Herein, we investigated the protective effect of Salvia sahendica against H(2)O(2)-induced cell death in rat pheochromocytoma (PC12) cells. Our data show that S. sahendica blocks apoptosis pathway by inhibition of cytochrome c release from mitochondria and leakage of calcium from endoplasmic reticulum. It also activates/inactivates two members of Bcl-2 family, Bax and Bcl-2. Bax inhibition and Bcl-2 activation suppress release of cytochrome c from mitochondria that prevents cleavage of caspase-3. Besides S. sahendica suppresses ER stress via attenuation of intracellular levels of calcium. Suppression of ER stress decreased calpain activation and subsequently cleavage of caspase-12. Altogether, these results indicate that S. sahendica protects PC12 cells treated with H(2)O(2) via suppression of upstream factors of apoptosis pathway. While oxidative stress is an early event in Alzheimer disease, it seems that S. sahendica prevents deleterious effects of reactive oxygen species by stabilizing mitochondrial membranes and inhibiting ER stress.
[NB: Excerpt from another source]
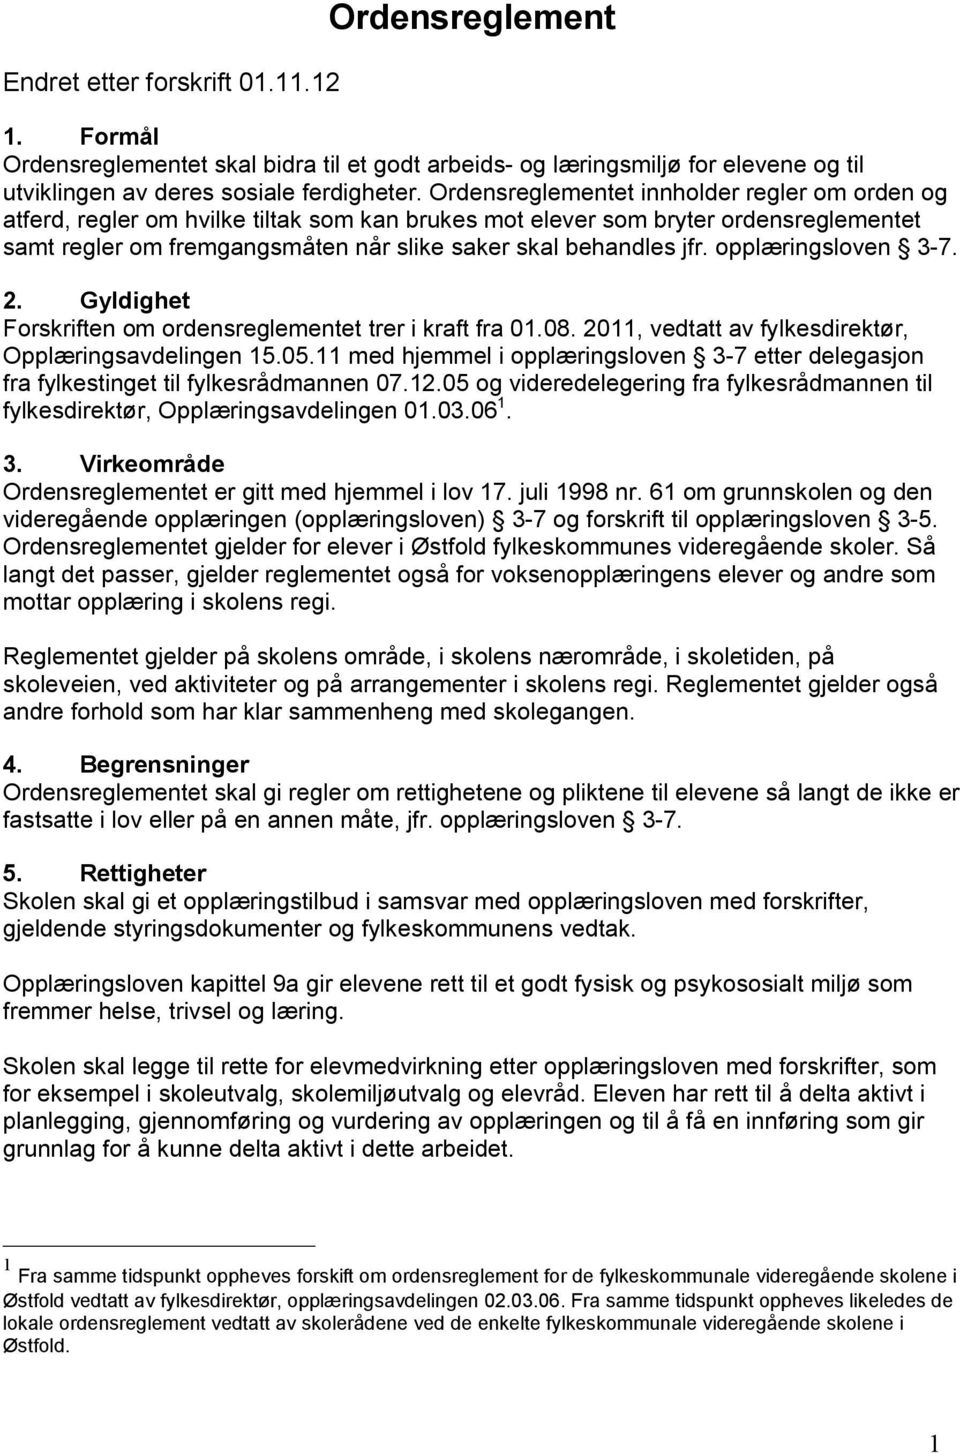 opplæringsloven 3-7. 2. Gyldighet Forskriften om ordensreglementet trer i kraft fra 01.08. 2011, vedtatt av fylkesdirektør, Opplæringsavdelingen 15.05.

在这里,我们研究了藏丹参对 H(2)O(2)诱导的大鼠嗜铬细胞瘤 (PC12) 细胞死亡的保护作用。我们的数据表明,藏丹参通过抑制细胞色素 c 从线粒体释放和内质网钙泄漏来阻断细胞凋亡途径。它还激活/失活了 Bcl-2 家族的两个成员, Bax 和 Bcl-2。Bax 抑制和 Bcl-2 激活抑制了细胞色素 c 从线粒体的释放,防止了 caspase-3 的切割。此外,藏丹参通过降低细胞内钙水平来抑制内质网应激。内质网应激的抑制降低了钙蛋白酶的激活,随后 caspase-12 的切割。总之,这些结果表明,藏丹参通过抑制凋亡途径的上游因子来保护 H(2)O(2)处理的 PC12 细胞。虽然氧化应激是阿尔茨海默病的早期事件,但藏丹参似乎通过稳定线粒体膜和抑制内质网应激来防止活性氧的有害影响。